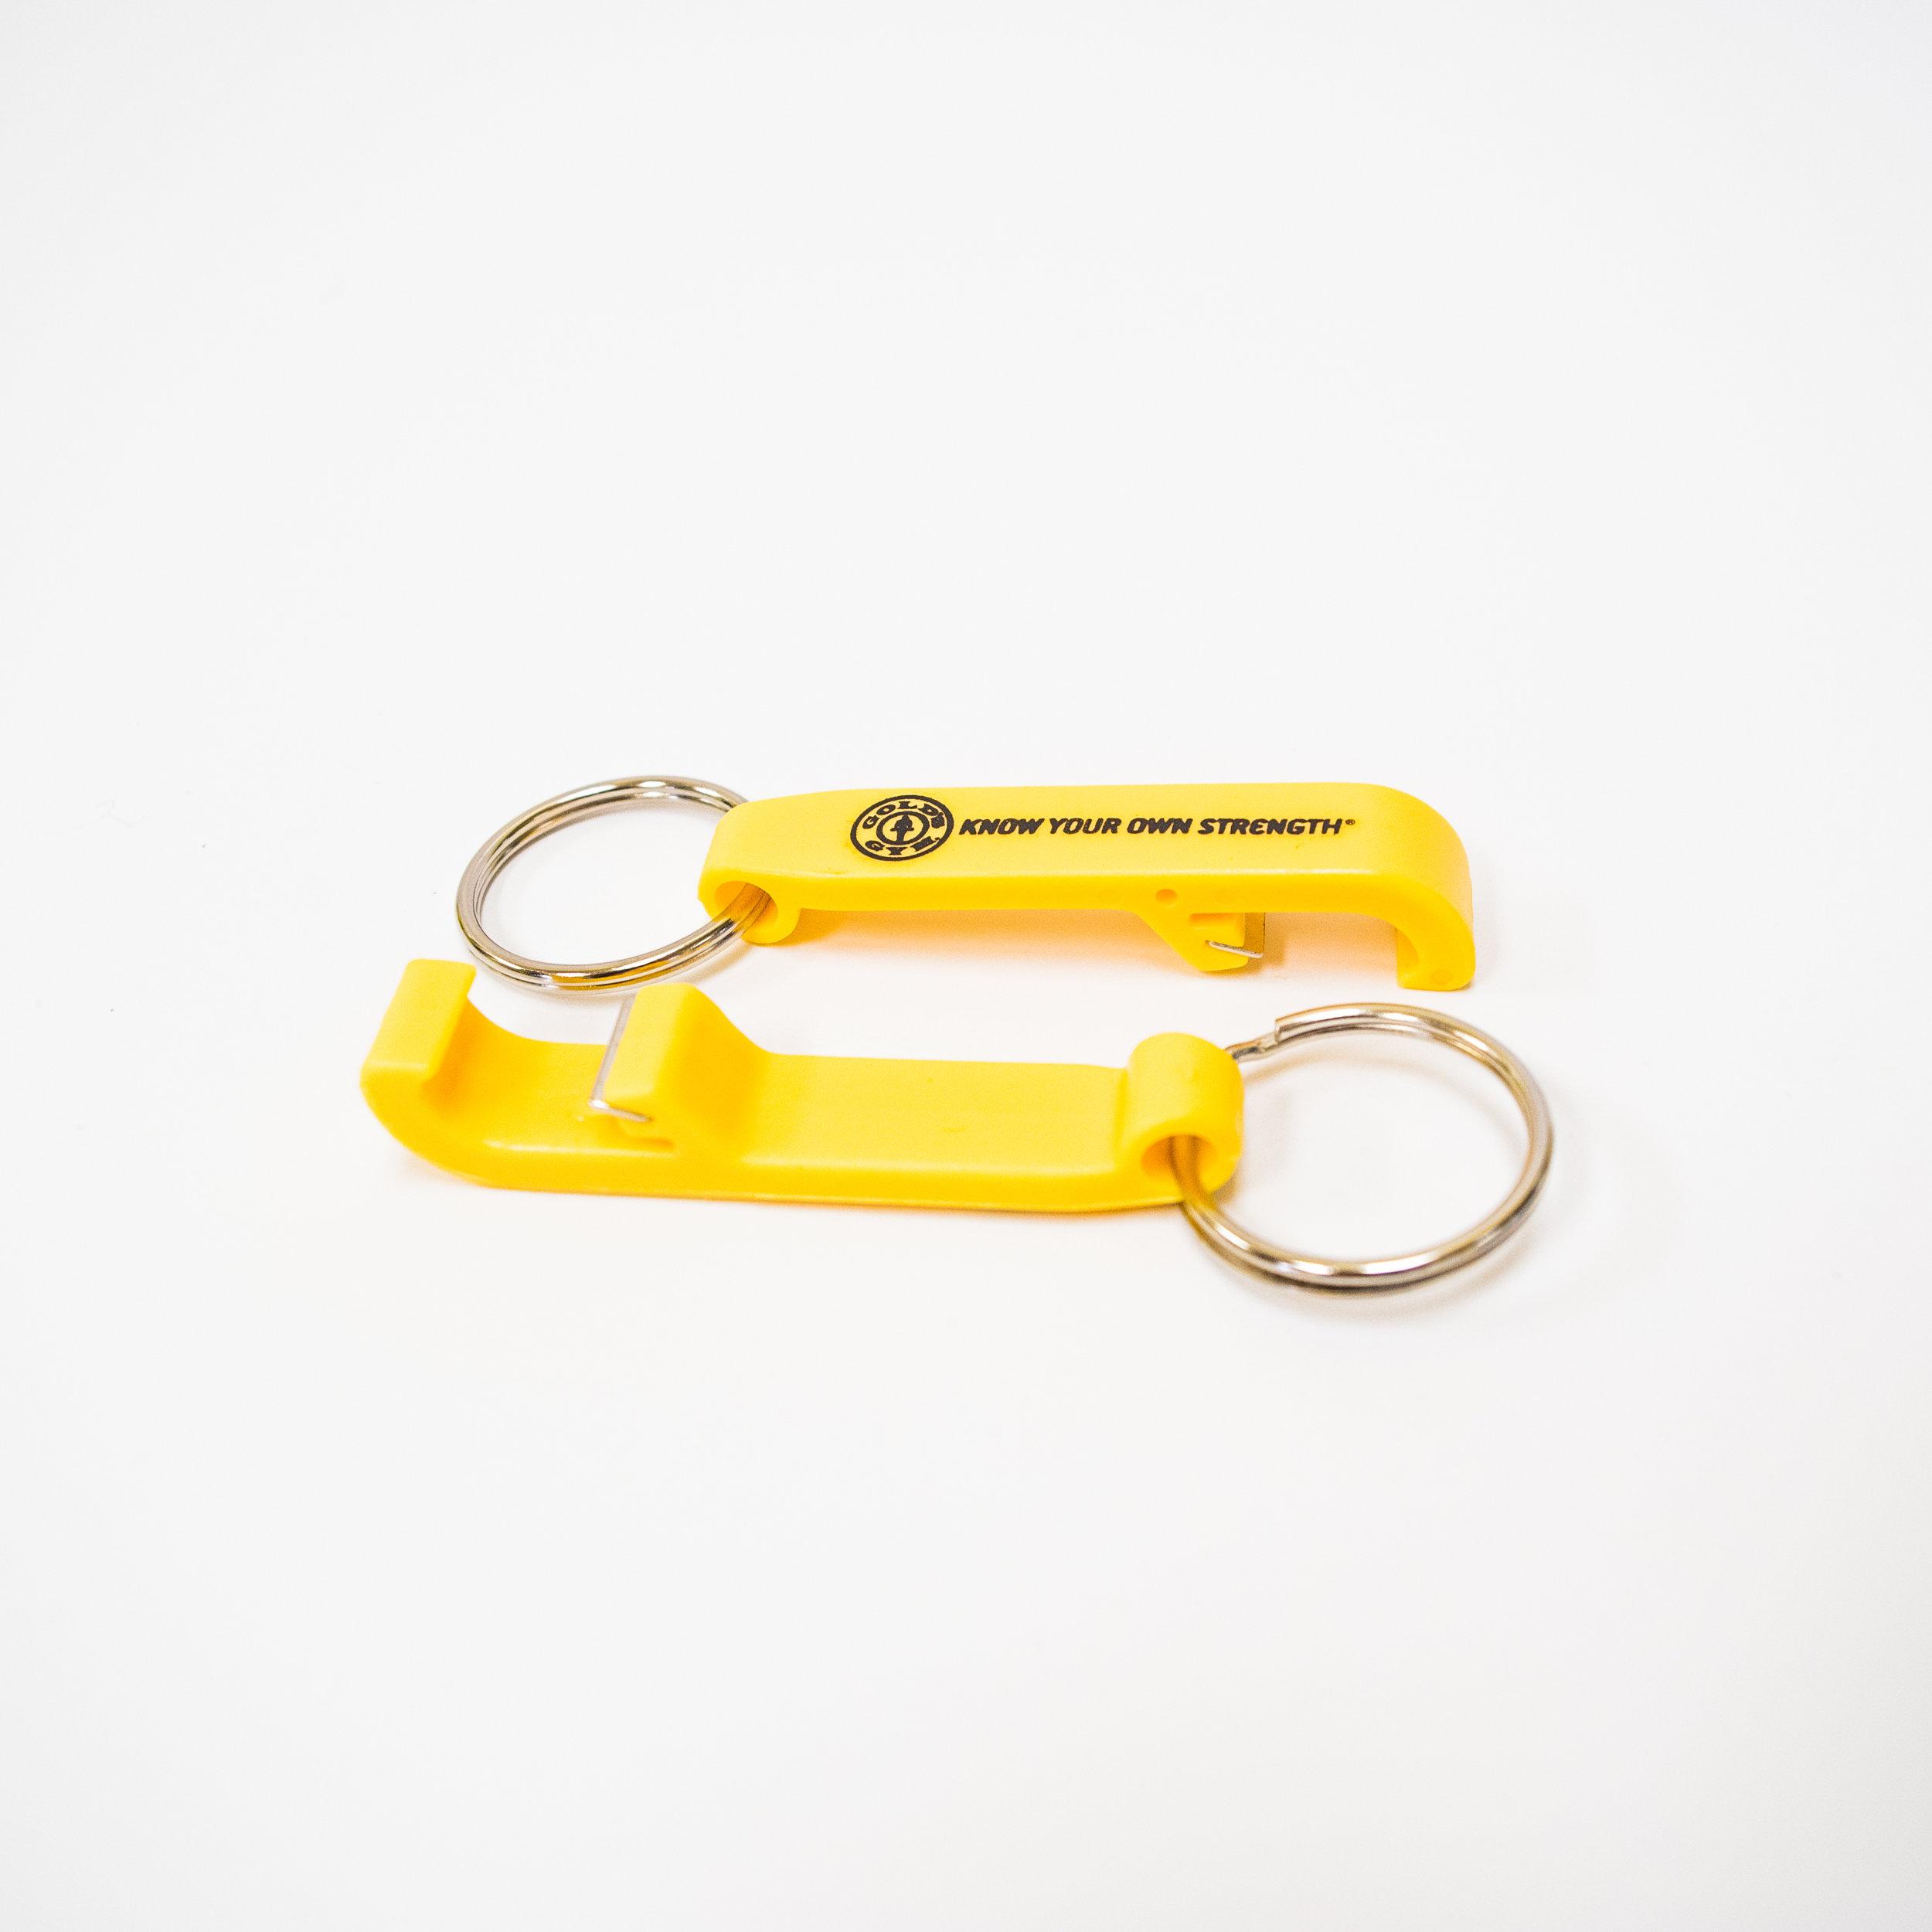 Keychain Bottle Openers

==

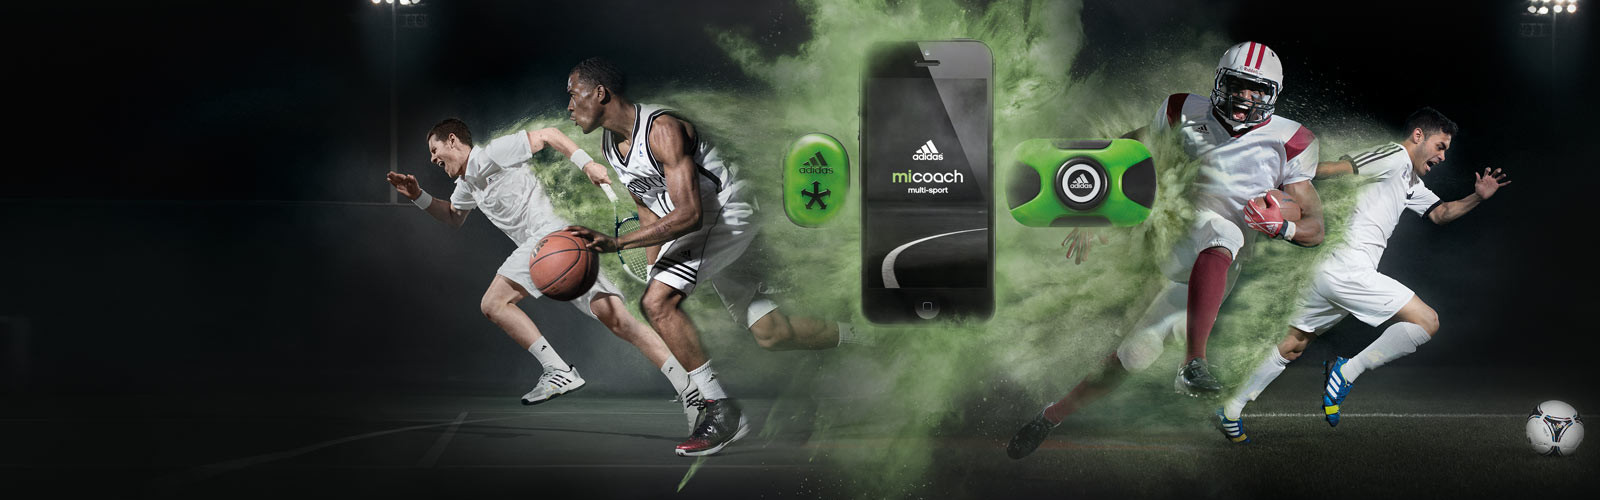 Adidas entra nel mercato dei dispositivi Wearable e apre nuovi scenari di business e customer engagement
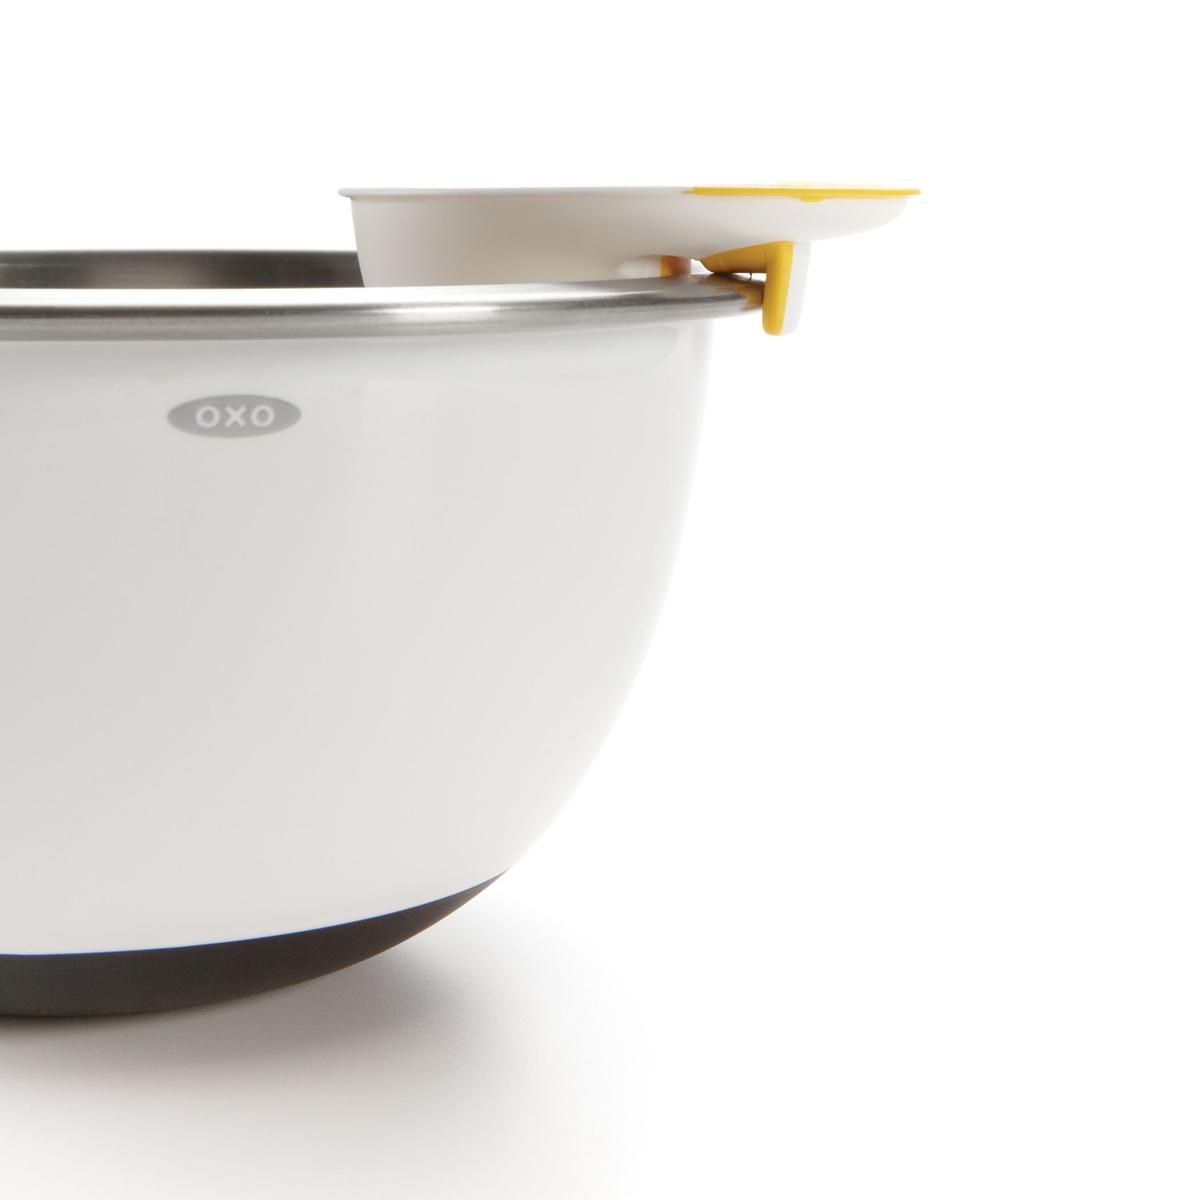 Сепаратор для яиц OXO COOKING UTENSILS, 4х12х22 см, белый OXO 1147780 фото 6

=== Your task ===
Quote the lines above exactly, starting with the one that has "Adidas entra nel" and ending with the one that has "Сепаратор для яиц"; drop the pictures and include nothing else.

=== Final answer ===
 Adidas entra nel mercato dei dispositivi Wearable e apre nuovi scenari di business e customer engagement
 Сепаратор для яиц OXO COOKING UTENSILS, 4х12х22 см, белый OXO 1147780 фото 6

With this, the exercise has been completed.